Den Logistiker Hermes reizt an den vorübergehenden Standorten vor allem der direkte Kontakt mit den Kunden. In Hamburg, Berlin, Nürnberg und Ludwigshafen hat der Paketdienstleister in großen Einkaufszentren für die sechs Wochen bis zum Jahresende einen PaketShop eröffnet. Hier können Kunden ihre Pakete verschicken und empfangen. Zusätzlich können die Besucher der Einkaufszentren ihre Einkäufe kostenlos zwischenparken, sich diese gegen ein Entgelt nach Hause liefern lassen, ihre Geschenke vor dem Verschicken verpacken lassen und sogar eine persönliche Grußkarte, die vor Ort ausgedruckt wird, beilegen.

Da der Logistiker bisher keine eigenen Flächen besitzt, ist es für Ann-Kristin Lipsky „das ideale Setting, um den Prototyp eines eigenen Ladens zu testen“. Die Vorteile liegen für die zuständige Projektleiterin von Hermes auf der Hand: „Wir können mit den Kunden direkt in Kontakt treten, sie mit unserem Angebot überraschen und die Sichtbarkeit und Emotionalität der Marke erhöhen.“

Im Berliner Einkaufszentrum am Gesundbrunnen haben die Mitarbeiter des Shops aus den leuchtend blauen Paketen von Hermes einen Weihnachtsbaum zusammengebaut, der mit allerlei potentiellen Geschenken bestückt ist – Marmelade von der Oma, Fußballschuhe, Teddybären.

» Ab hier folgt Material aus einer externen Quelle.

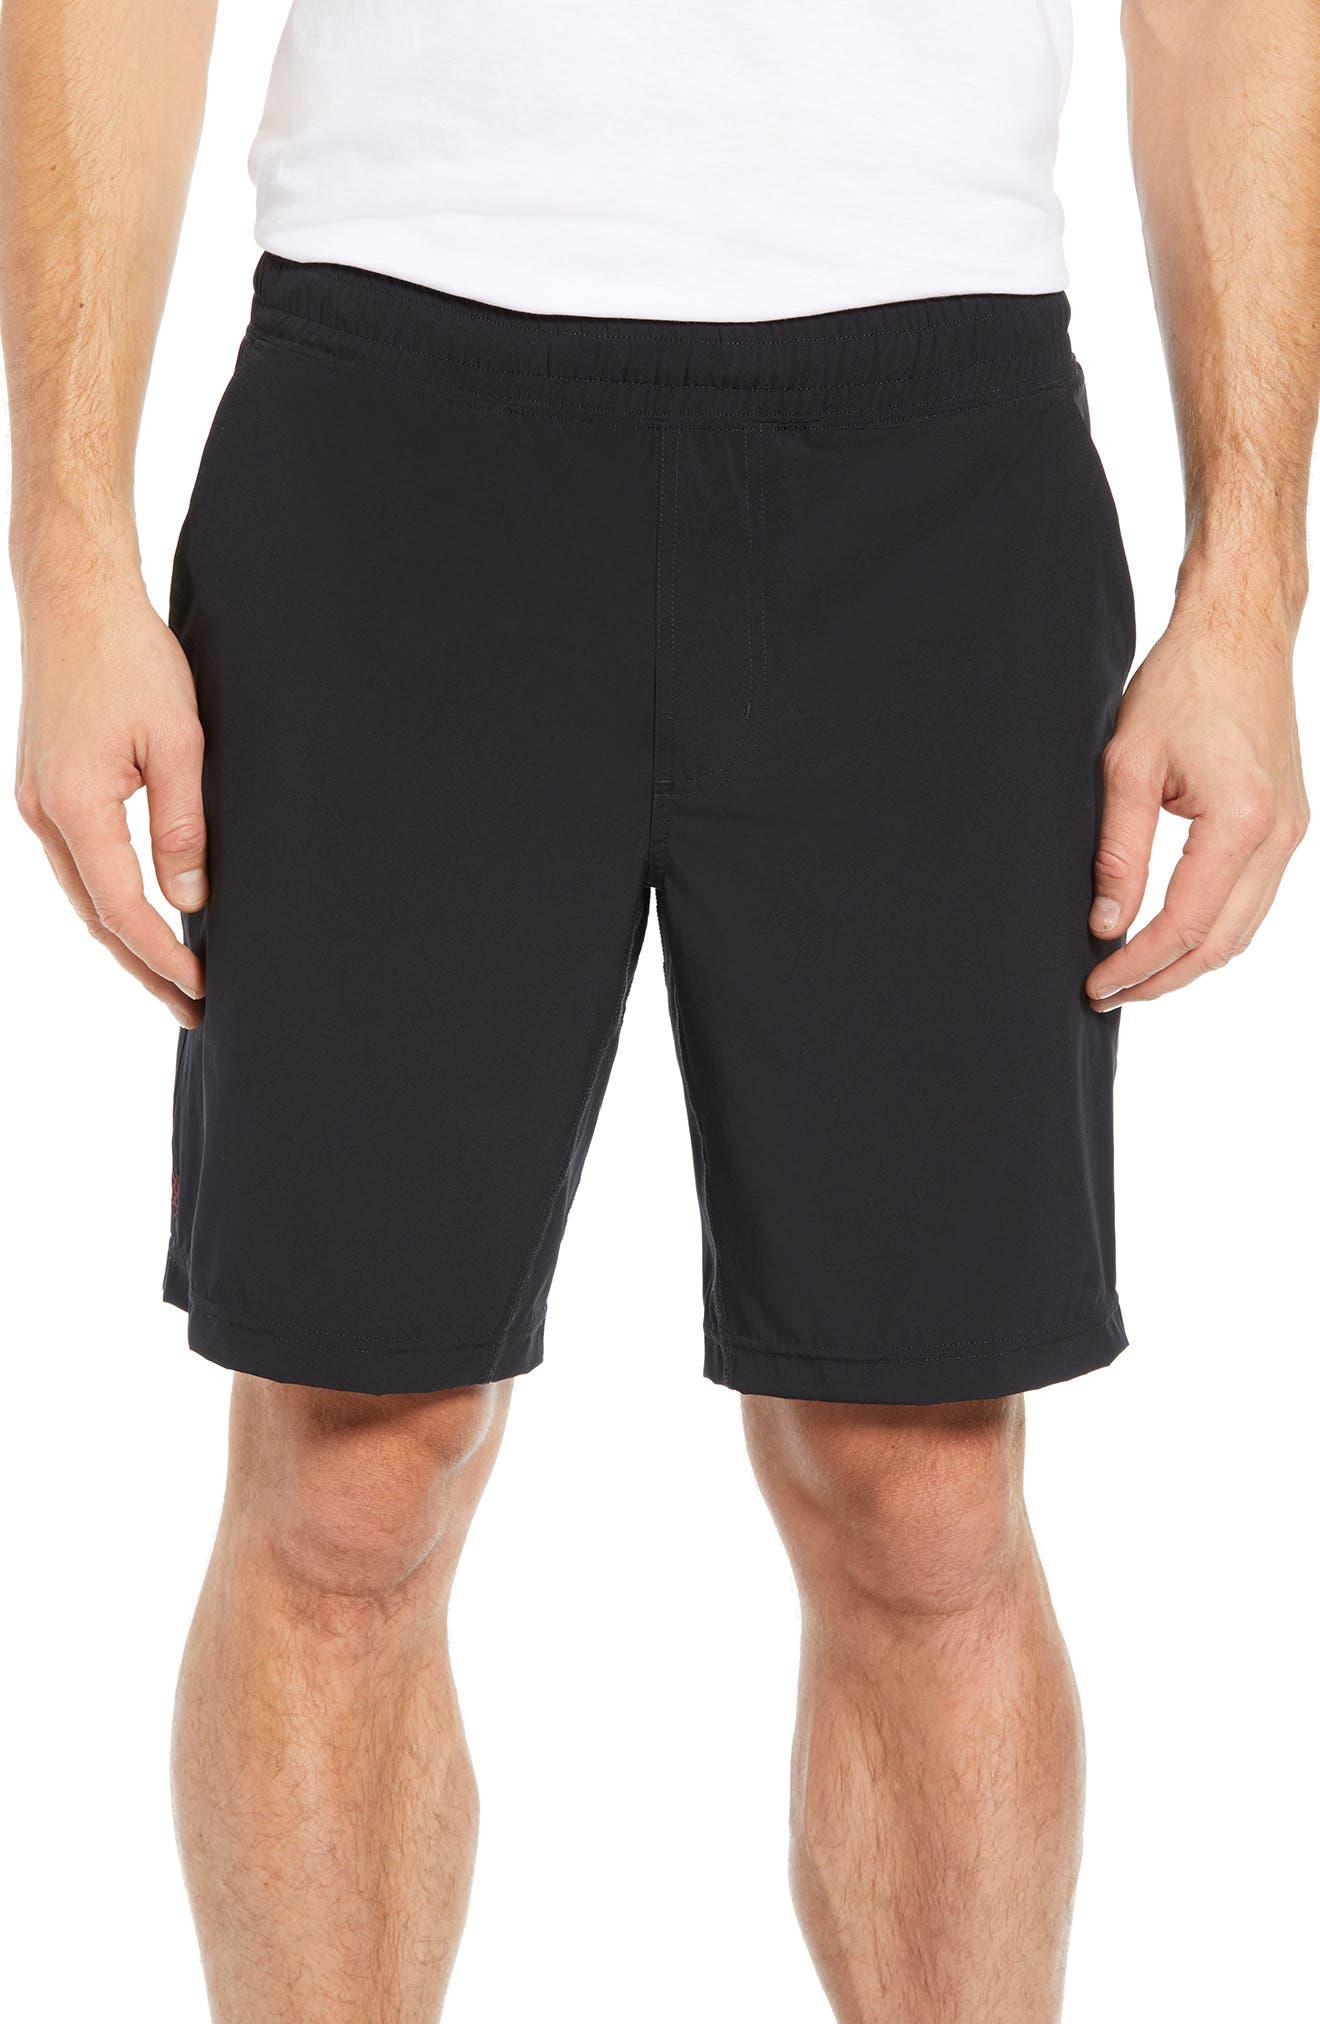 RHONE Mako Lined Shorts, Main, color, BLACK

So etwas fällt auf. Immer wieder bleiben Besucher des Einkaufszentrums neugierig stehen und wollen wissen, was es hier im Angebot gibt. „Ist doch cool“, sagt Roberto Radu, der mit seinem Bruder auf Shoppingtour ist. Dass er seine Einkäufe kostenlos hierlassen kann, findet er gut. Und vielleicht würde er sie sich sogar nach Hause schicken lassen. Hermes wird er jedenfalls so schnell nicht wieder vergessen.